Evelyn pointed out that one of the joyful signs of the new economy is the rusted gray vending machines. We remember seeing them in action in Leningrad. You put in a coin and you get a stream of water to clean off the glass sitting there. Then it fills with soda. We never actually saw anyone using these vending machines and we suspect they were never very popular. Now there are lines in front of kiosks for products that the sellers have been forced to think about in terms of what the buyer wants. And in this headlong race to please the customer, products have gotten more pleasing. We got some cookies at one such kiosk yesterday and they are Swedish-made and very good. The soda we buy there is also very good. Today we bought what appears to be the second most popular snack in Lithuania. (Quick: what is the most popular?) The second-most popular is the stand-up ice cream cone. You buy a flat-bottomed cone of the type we sometimes see in the United States pre-packed at the factory with chocolate ice cream. The price is about 45-60 centai, or between 11 and 15 cents. By having the ice cream already in the cone and the whole thing frozen, the cone is the consistency of wet cardboard. The ice cream is hard and does not have as much flavor as one might want, but you get a fair-sized refreshing nugget of ice cream. And I can tell you that you get solid ice cream. There are no air pockets to speak of in that cone. And if it fails to be great chocolate ice cream, it isn't bad either. By the way, there is no cash register. There are no cash registers that we have seen. We just lied. The grocery had a cash register, now that we think of it. But that is a rarity. What they have is a cash box and an abacus. It may be a hold-over from the days of the Soviets, but while you do see some electronic calculators, the most common by far is the abacus. And your change is dumped into a little plate.
Back to the room to log-write and listen to a little NABUCCO. At about 20:00 we went to dinner at the Menininkai kavine, a little kavine just opposite where we dropped off the Yiddish books. We ordered some variety but all they had were karbonadas, the popular little fried meat cutlets. They came with fries and marinated cucumber.
A random note here on languages: A Russian-English dictionary is handy for deciphering signs in museums and such.
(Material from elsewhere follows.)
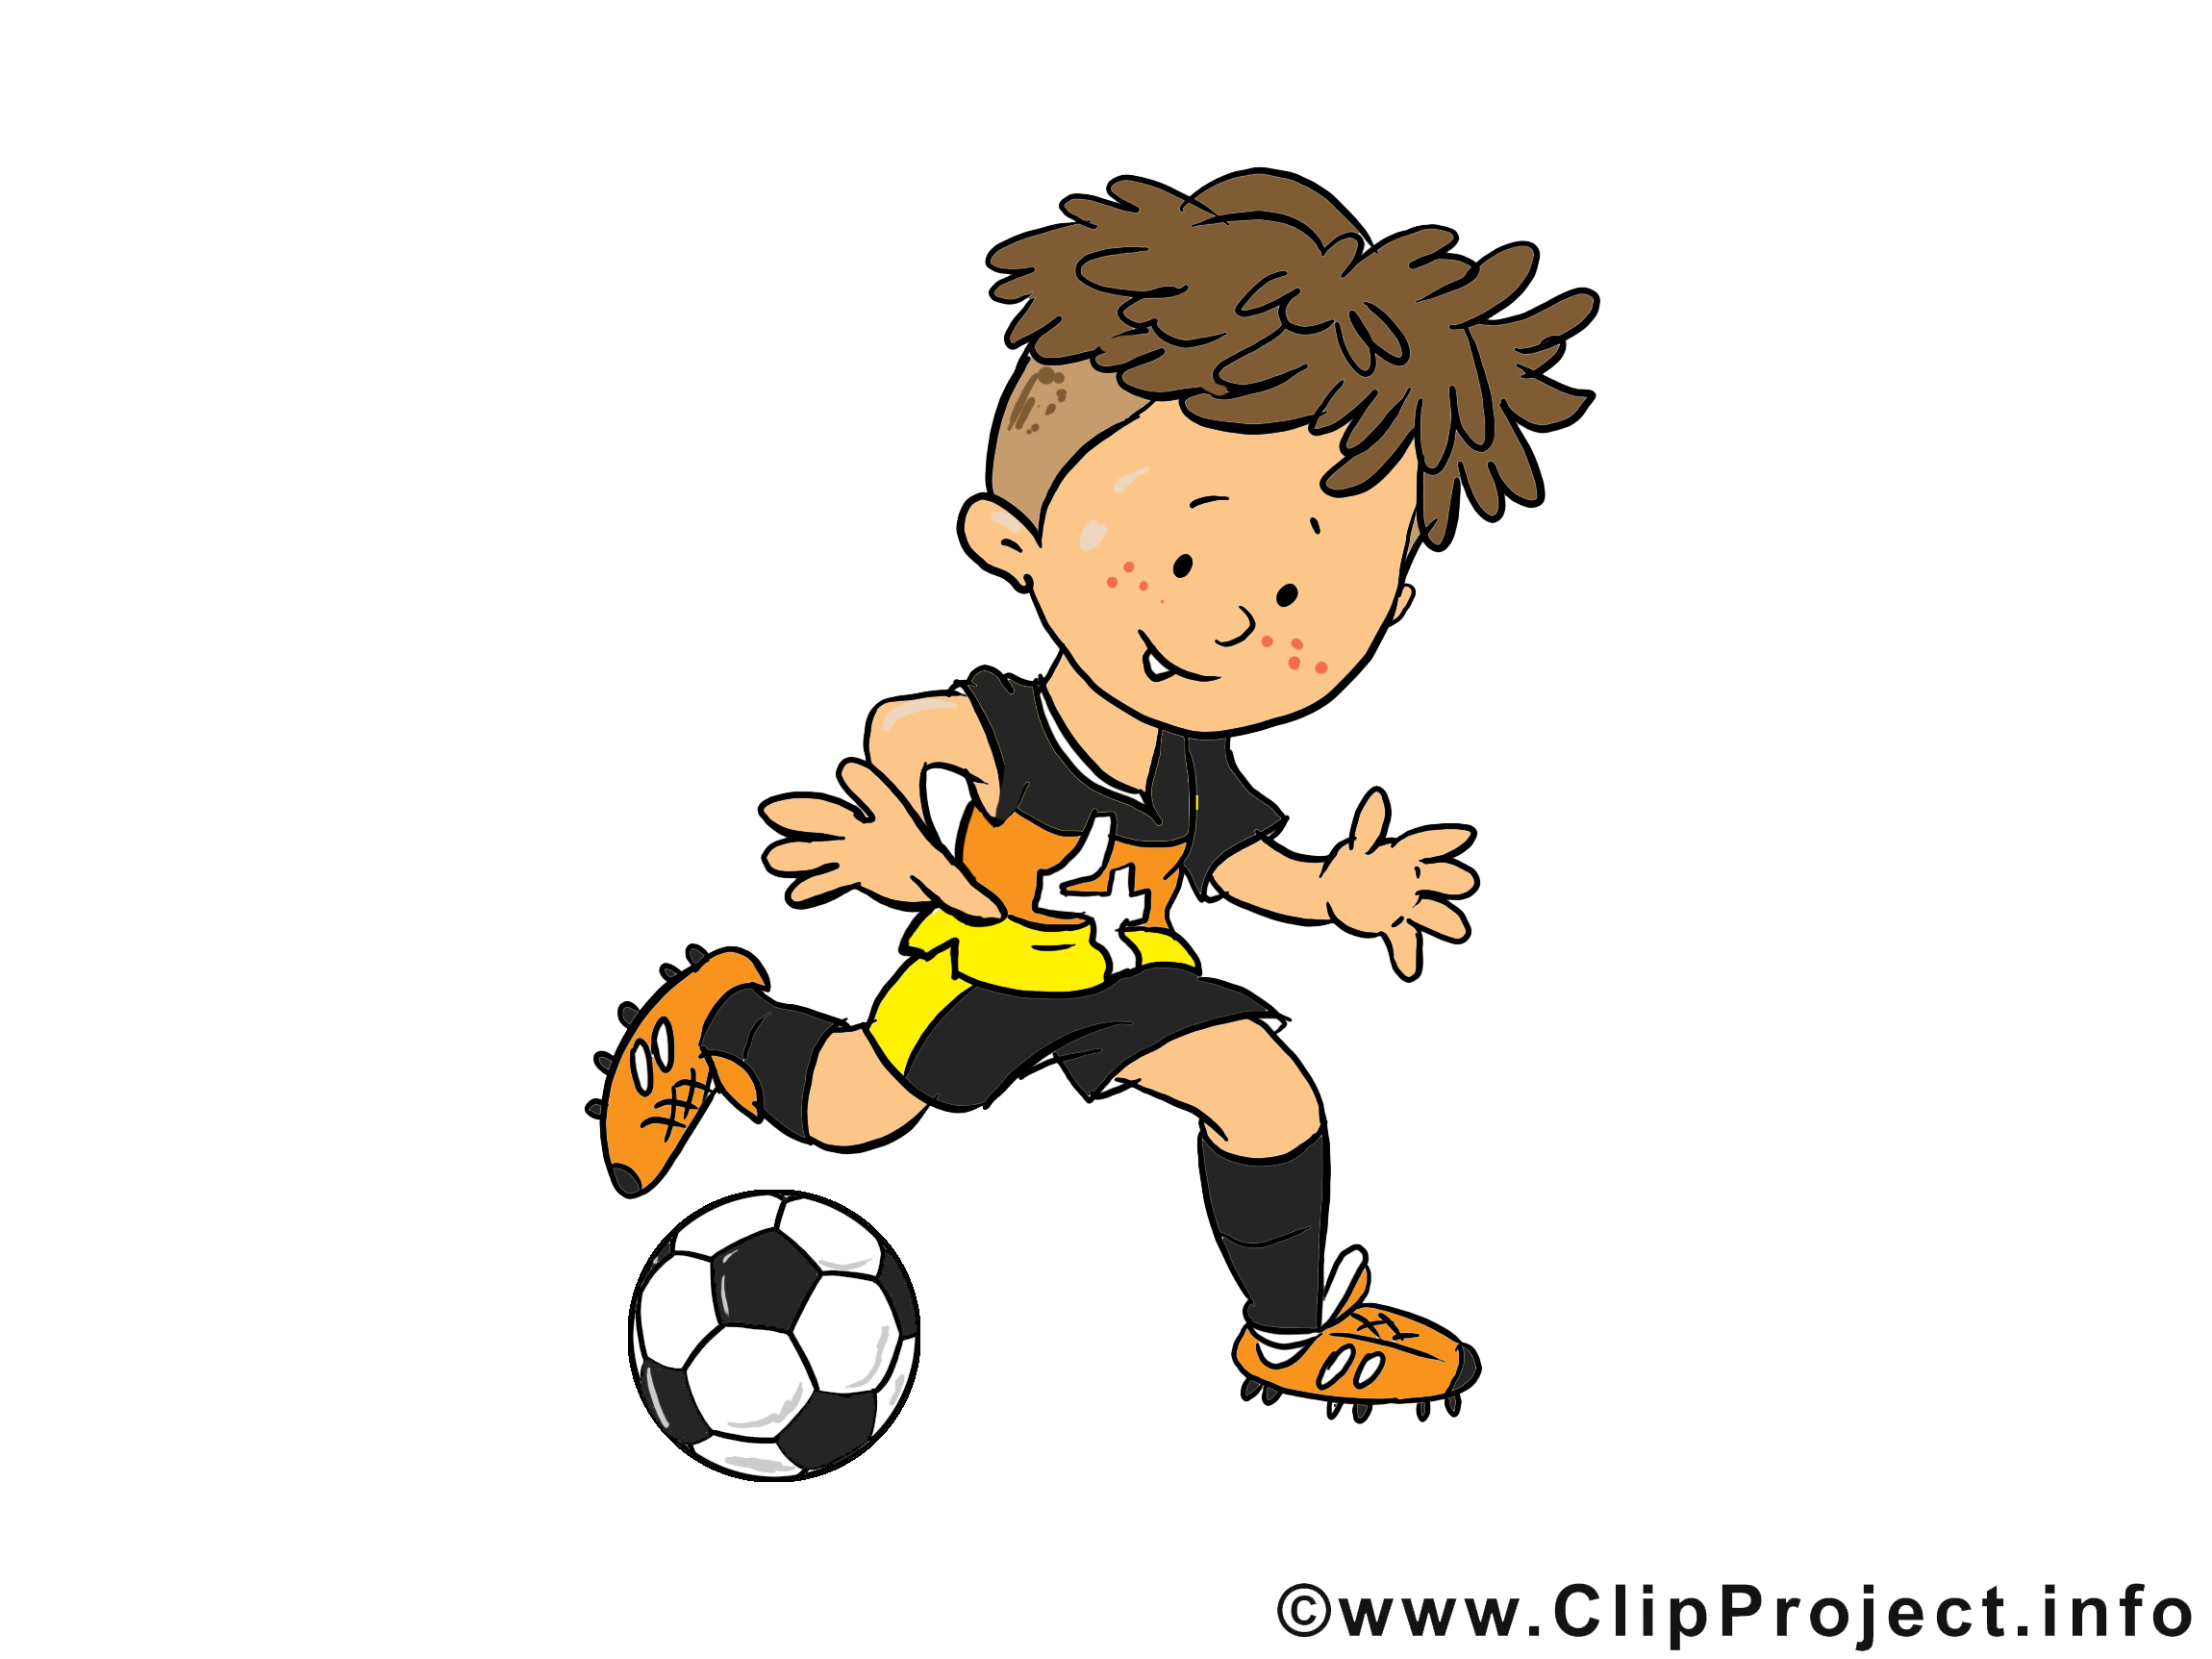 Garçon dessin gratuit - Football image

There isn't much visible Russian elsewhere (no Cyrillic street signs, etc.), but maybe the logic is that it's okay to have foreign languages in museums, because they're for tourists as well as locals.
Back at the room Mark just had time to get caught up in his log for 23:00, the time he has been going to bed. Evelyn has been going to bed at 21:00, but she has been writing a much shorter log this time. She also has time to read a novel. Mark takes notes all day long and writes at night, gabbing and gassing with who knows who will be reading this.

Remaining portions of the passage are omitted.